The game features four different environments: Bay, Canyon, Alps and North. Each of these contains five levels which are: Easy, Medium, and Hard, alongside two bouldering maps: bouldering maps are shorter but more difficult, with chalking and path hinting both disabled. The Climb additionally has an endless mode called "Practice Wall", that randomly generates sections of an infinite wall for the player to climb.

== Development ==
The Climb started development as a demo called Return to Dinosaur Island. They first built the demo in a cave, before moving it onto a cliff. After discovering the performance was still good while looking at landscapes from the cliff, they started to develop a game around the view. A developer said, "And even there, at the top of a cliff, everything was running smoothly. Looking out over the vistas, the render calls were all good, we're getting 90 frames per second, sub 20 millisecond response times. So now we've got the epic beautiful vistas, how do we do something fun in that experience?".

== Reception ==
The Climb received "mixed or average reviews" according to Metacritic.

Destructoid praised the visuals of The Climb, writing that "The commitment to a 60fps (90 for Climb) minimum frame rate and the power of the latest CryEngine build really helps suck you in". Rock Paper Shotgun liked how the game made the player feel like they were climbing, feeling that "It's the strangest thing: I barely move but I feel sweaty and achey after reaching a summit." While Game Informers Kyle Hilliard enjoyed some of the mechanics of the game, he felt that playing the game for extended sessions could tire the player's neck. He wrote, "Leaning and stretching your neck to progress is necessary, even in the early climbs, and it became tiresome quickly.
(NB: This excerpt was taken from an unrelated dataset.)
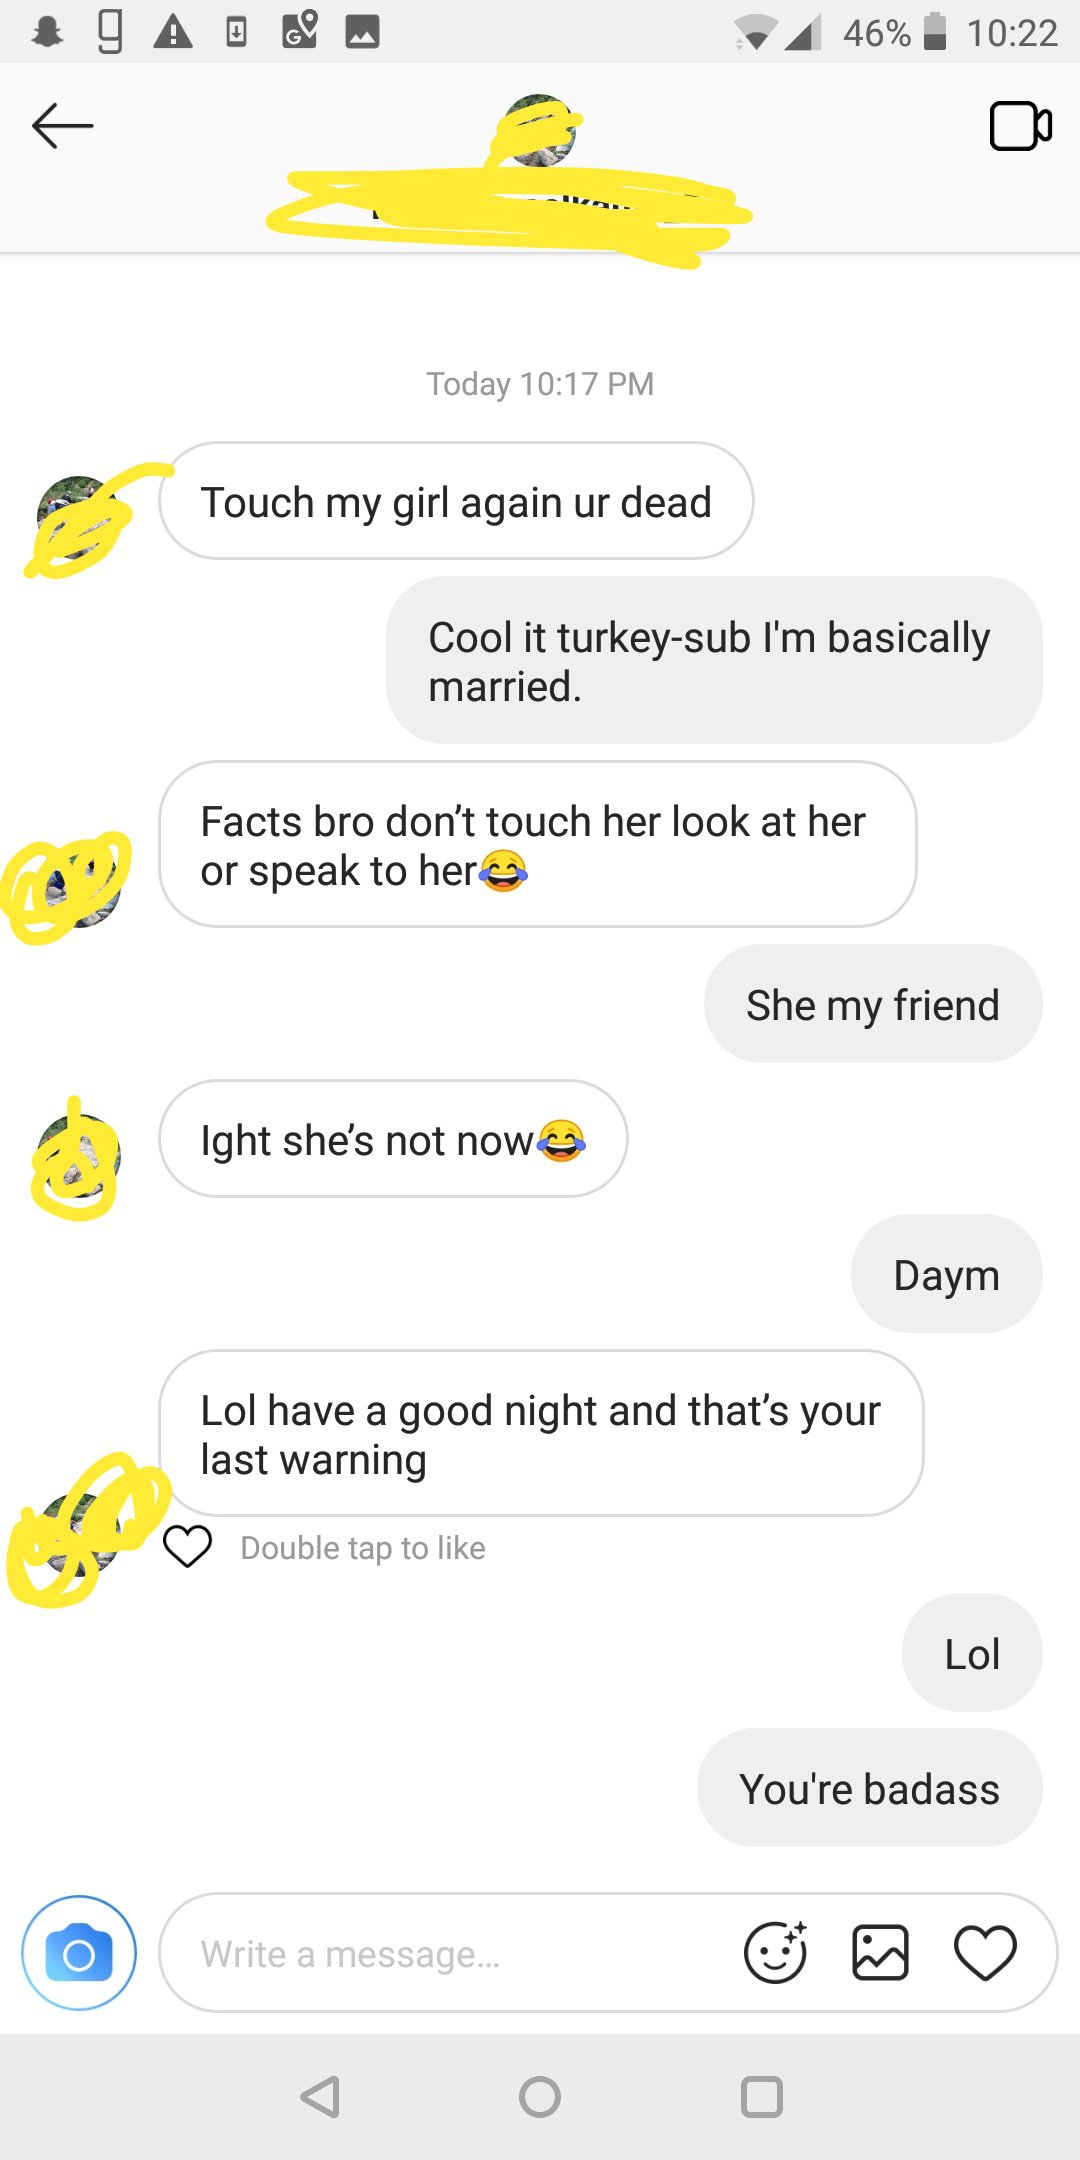 instagram 10 facts about me - O A 46% | Today Touch my girl again ur dead Cool it turkeysub I'm basically married. Facts bro don't touch her look at her or speak to her She my friend Ight she's not now Daym Lol have a good night and that's your last warni
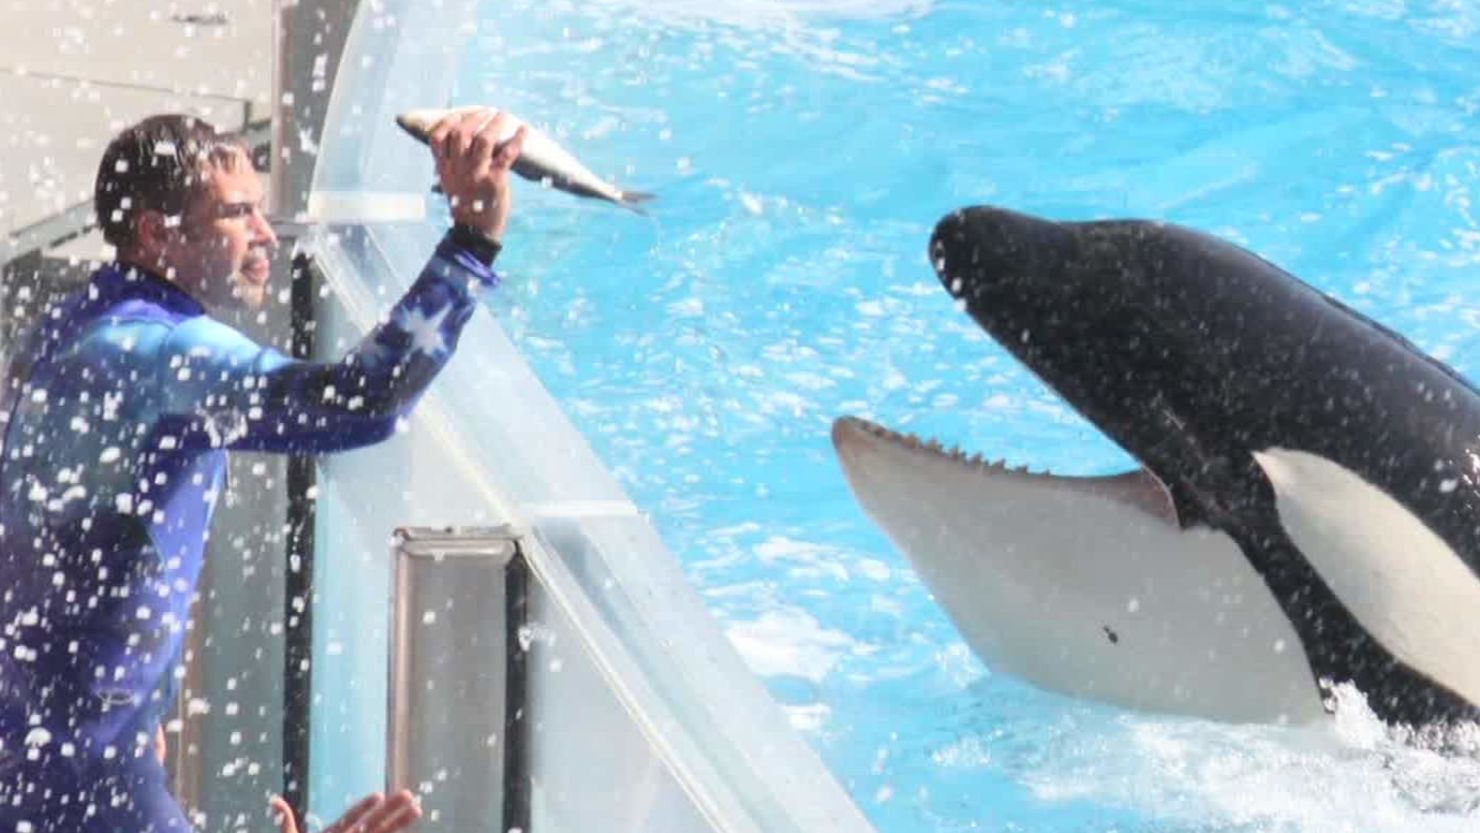 SeaWorld admitted Thursday that its employees posed as animal rights activists with the intent of spying on protesters. The company has been under fire since the 2013 documentary "Blackfish" shed harsh light on the conditions in which its killer whales are raised.

It added to the tension on my head and neck, which could be a problem for people already prone to discomfort in VR."

In July 2017, The Climb was declared by Oculus as the most commercially successful game on the Oculus Rift, grossing more than $1 million.

Aggregate score
| Aggregator | Score |
|---|---|
| Metacritic | 71/100 |

Review scores
| Publication | Score |
|---|---|
| Destructoid | 8/10 |
| Edge | 6/10 |
| Game Informer | 5.75/10 |

==Sequel==

A sequel, The Climb 2, was released by Crytek for Oculus Quest and Oculus Quest 2 in March 2021.